THE TASK — Full transcription, minus images: write out the listing below exactly as it appears.

[Opening INFORMATION PROVIDED section]

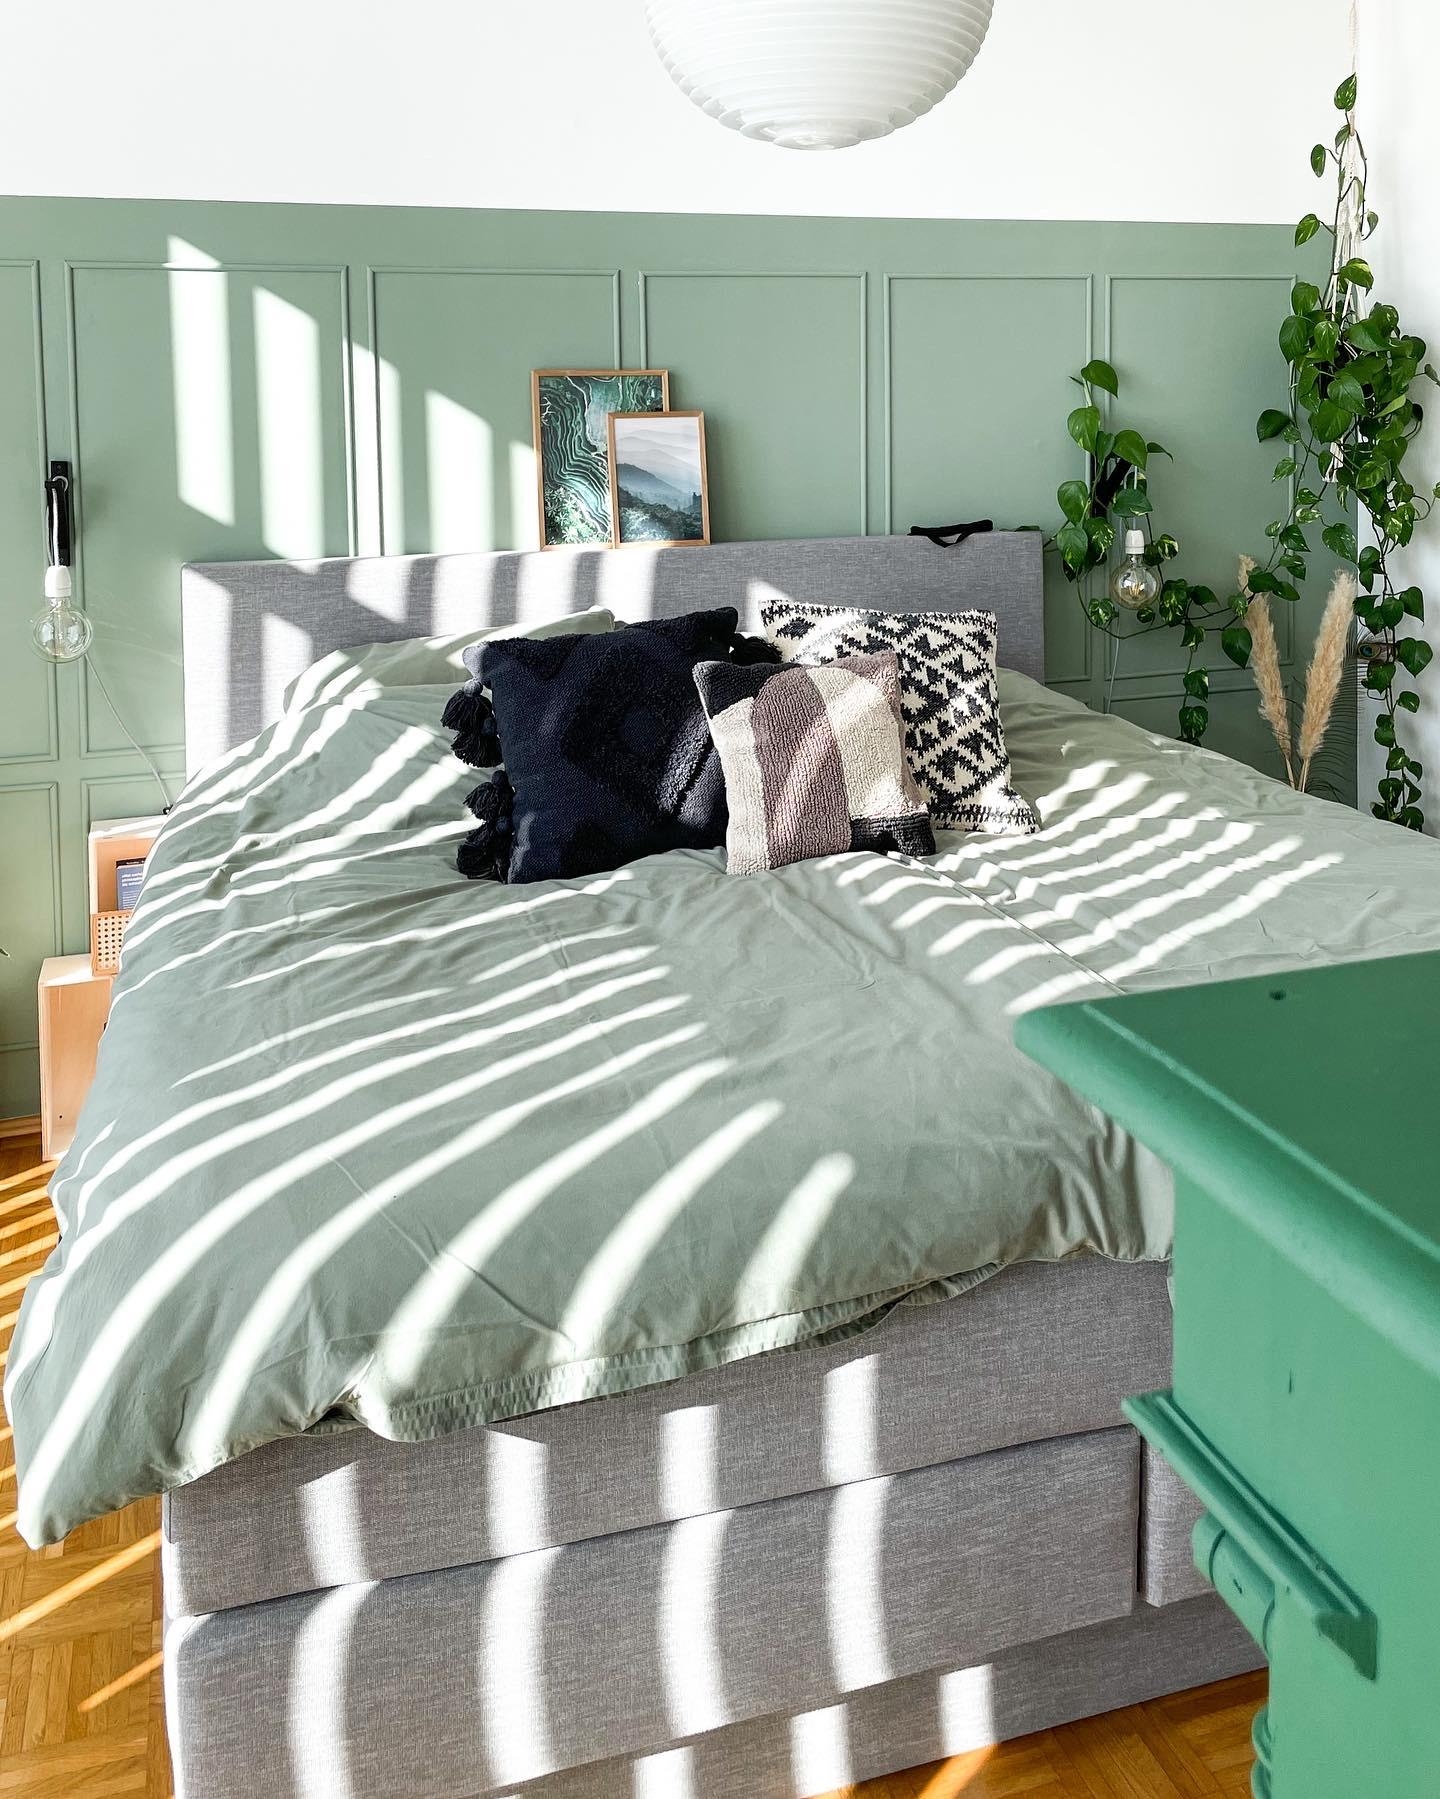 Streifen gehen immer!

#Sonne #Schlafzimmer #Greenliving 
#Bett #Wandvertäfelung

[Closing INFORMATION PROVIDED section]

EXPECTED ANSWER —
 Streifen gehen immer!

#Sonne #Schlafzimmer #Greenliving 
#Bett #Wandvertäfelung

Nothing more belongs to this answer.